Wednesday 13 August 2008

Praying for world peace

In Le-Puy-en-Velay in the Cathedral at the top of seemingly endless stone steps, a service is held at seven o’clock each morning for the pilgrims about to set out on their walk. This is the most popular departure point in France, so for most people at the service the steps back down from the Cathedral do indeed signal their first footsteps along the road to Santiago.

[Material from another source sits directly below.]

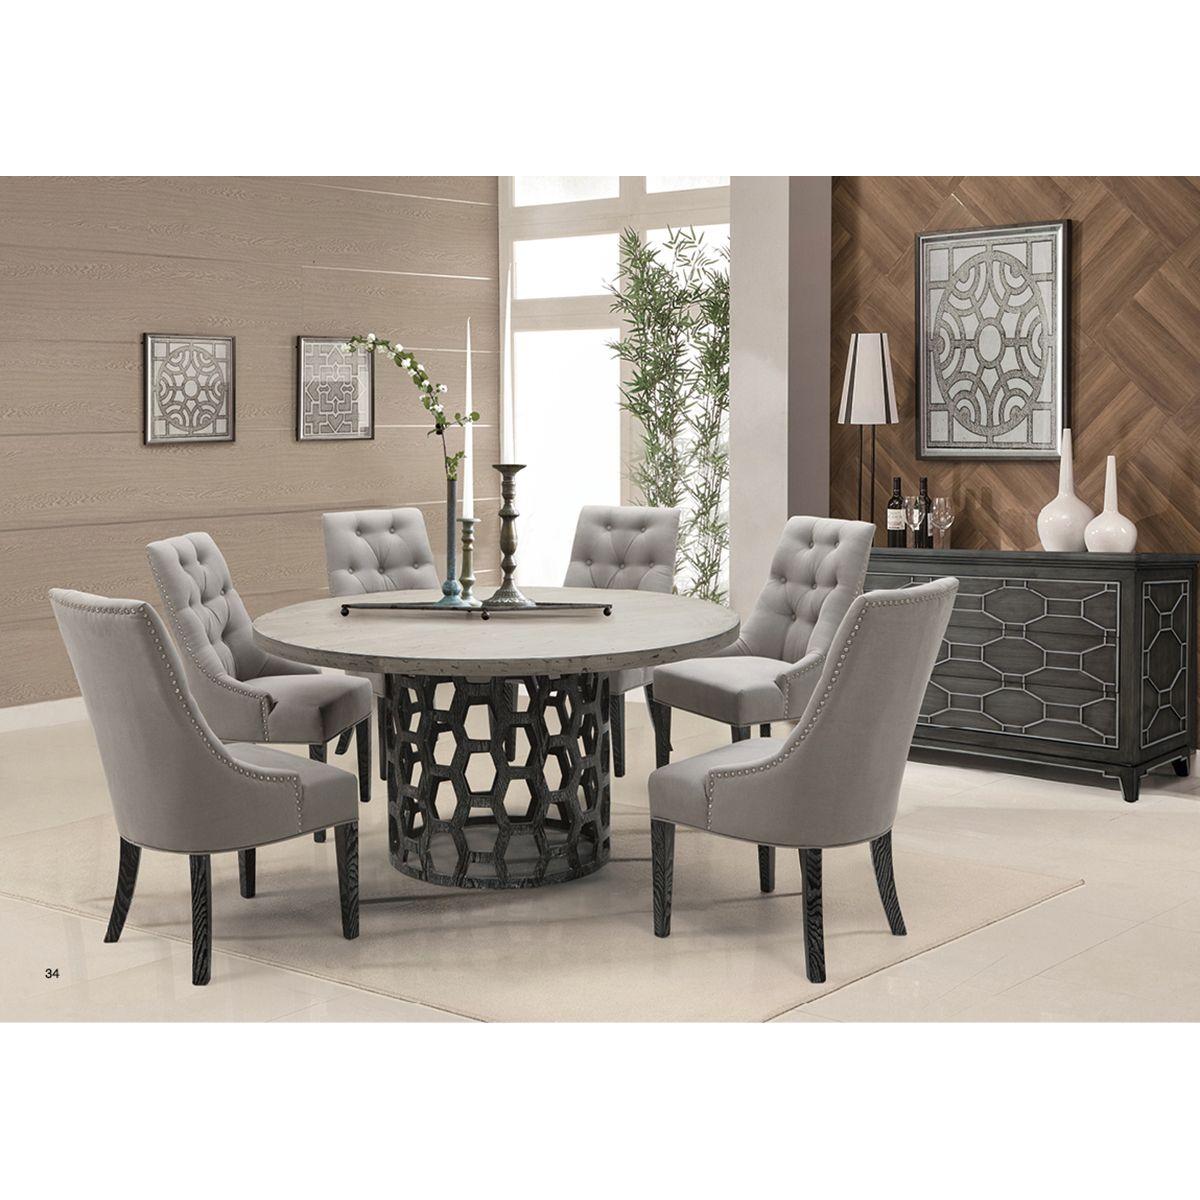 Comedor salas mesas de comedor modernas decoraci n de for Mesa de comedor elegante lamentable

The priest was a young man who devoted much thought and care to making what might have been a ritual performance into something personal for each of us. Then he invited us to take from a basket a slip of paper on which visitors had written their prayers. Each pilgrim would take one and pray for the writer every day along the road. Carried away by the occasion, I took one. Then worried what I would be asked to do.

Phew! “World peace and harmony among all religions.” Tick: I can ask for that. And for the monks struggling for freedom for their country in Tibet. Yep, I’ll go along with that too. Then a prayer for the health in old age of the writer’s aunt and uncle. A thing that, thinking of my own relatives and friends, I can certainly sympathise with. Next, touchingly, the writer asked for comfort after his “first heartbreak” at age sixteen. Ah yes, that way lies wisdom. And a PS: please could I pray for his parents, because he loves them a lot despite annoying them endlessly.

So most conscientiously each day, at a turn in the track or in the cool of a village chapel, I pray for world peace. And all the rest.